Наконец в 1904 году на дереве оказалось 16 вишен! Как берег их Фроленко! Хотел сшить мешочки из марли, чтобы укрыть от воробьев»…
Все 16 вишен дозрели; тринадцать из них Михаил Федорович роздал каждому из узников Шлиссельбурга, а три оставшихся передал Вере Николаевне Фигнер, чтобы она преподнесла их Марии Михайловне Дондуковой-Корсаковой, которая начала тогда приезжать в тюрьму с христианской проповедью.
Михаил Федорович Фроленко просидел в Шлиссельбурге
21 год, но вышел из тюрьмы здоровым и полным сил.
Он пережил войну и оккупацию и умер в Геленджике в 1947 году, достигнув 90-летнего возраста.
И тем не менее такие люди, как Ювачев и Фроленко, были исключениями среди народовольцев… Воинствующее богоборчество в народовольческой среде было не просто хорошим тоном, а существом всей их деятельности.
Федор Михайлович Достоевский нашел точное определение русским революционерам. Беснование уживалось в них рядом с самоотверженностью и жертвенностью. Не оставляли бесы свои жертвы и в заточении.
Примеров, подобных В.П. Конашевичу и Н.Д. Похитонову, можно приводить достаточно много.
И чего не прощал Шлиссельбург, так это духовной слабости.

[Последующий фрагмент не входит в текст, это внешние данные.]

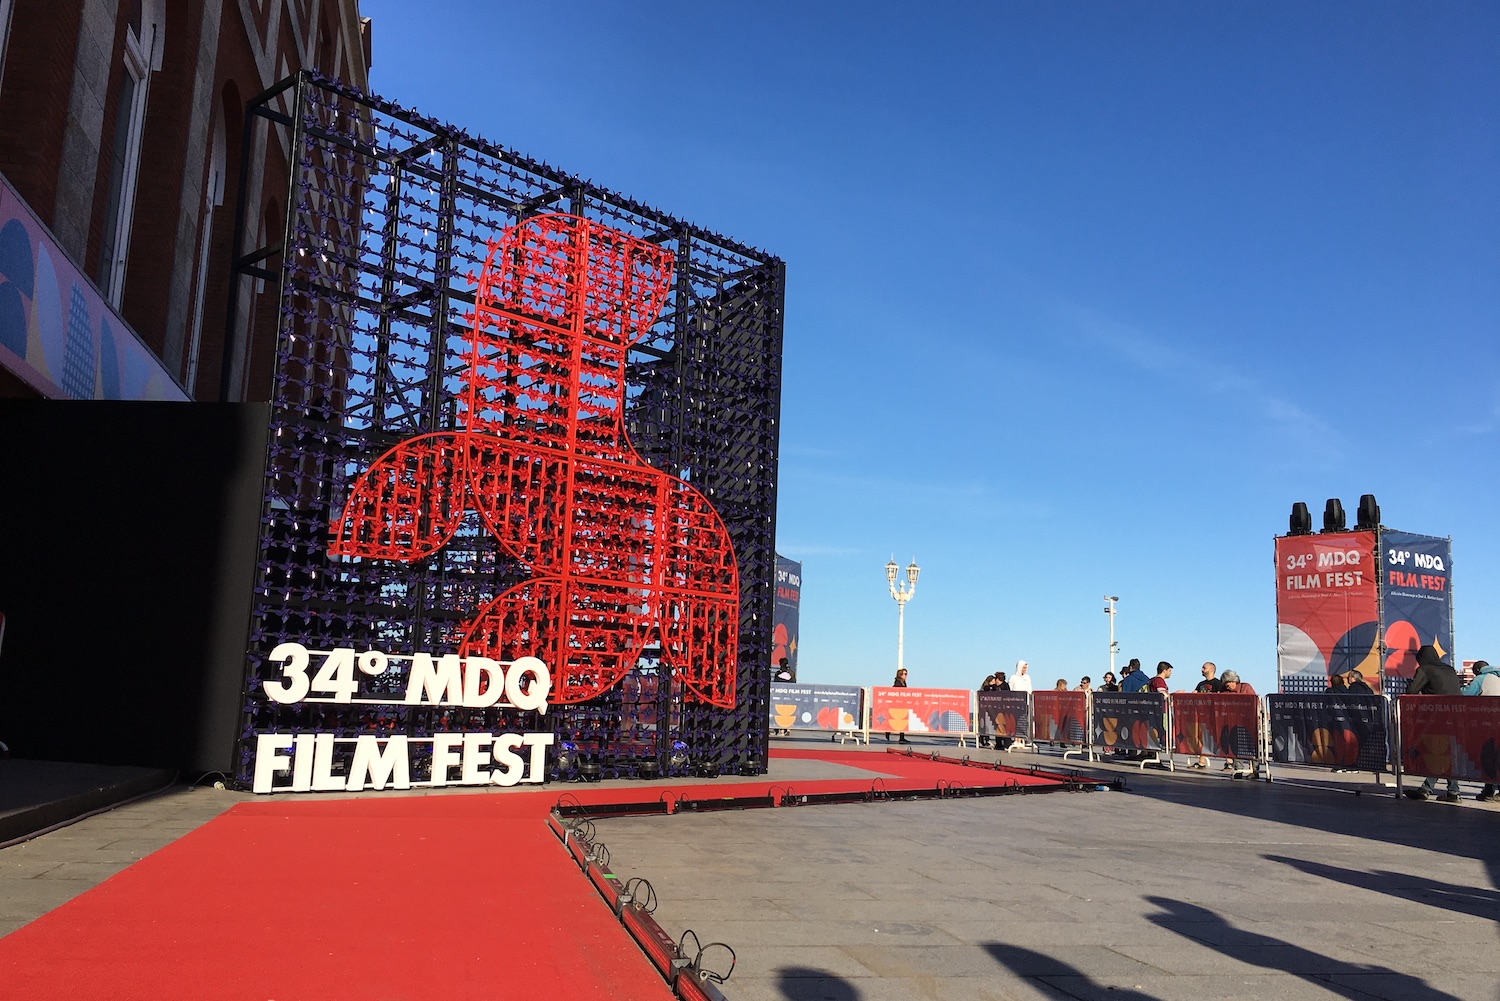 34 Mar del Plata Film Fest

Жестко и беспощадно разделял он своих насельников. Одних убивал сразу, других сводил с ума, а третьим даровал завидное здоровье и многолетие.
Как происходило это, можно понять, читая шлиссельбургскую долгожительницу Веру Николаевну Фигнер. Про эту «девушку строгого, почти монашеского типа», как определил ее Глеб Успенский, писали и будут писать романы, но несомненно самым интересным произведением останутся ее собственные воспоминания «Когда часы жизни остановились»…
«Мы прошли в ворота. И тут я увидела нечто совсем неожиданное. То была какая-то идиллия. Дачное место? Земледельческая колония? Что-то в этом роде — тихое, простое… Налево — длинное белое двухэтажное здание, которое могло быть институтом, но было казармой… Направо — несколько отдельных домов, таких белых, славных, с садиками около каждого, а в промежутке — обширный луг с кустами и купами деревьев. Листва теперь уже опала, но как, должно быть, хорошо тут летом, когда кругом все зеленеет! А в конце — белая церковь с золотым крестом. И говорит она о чем-то мирном, тихом и напоминает родную деревню. Все дальше двигается толпа, и вот открылось здание из красного кирпича: два этажа, подслеповатые окна и две высокие трубы на крыше — ни дать ни взять какая-нибудь фабрика. Перед зданием красная кирпичная стена и железные ворота, окрашенные в красное и теперь раскрытые настежь»…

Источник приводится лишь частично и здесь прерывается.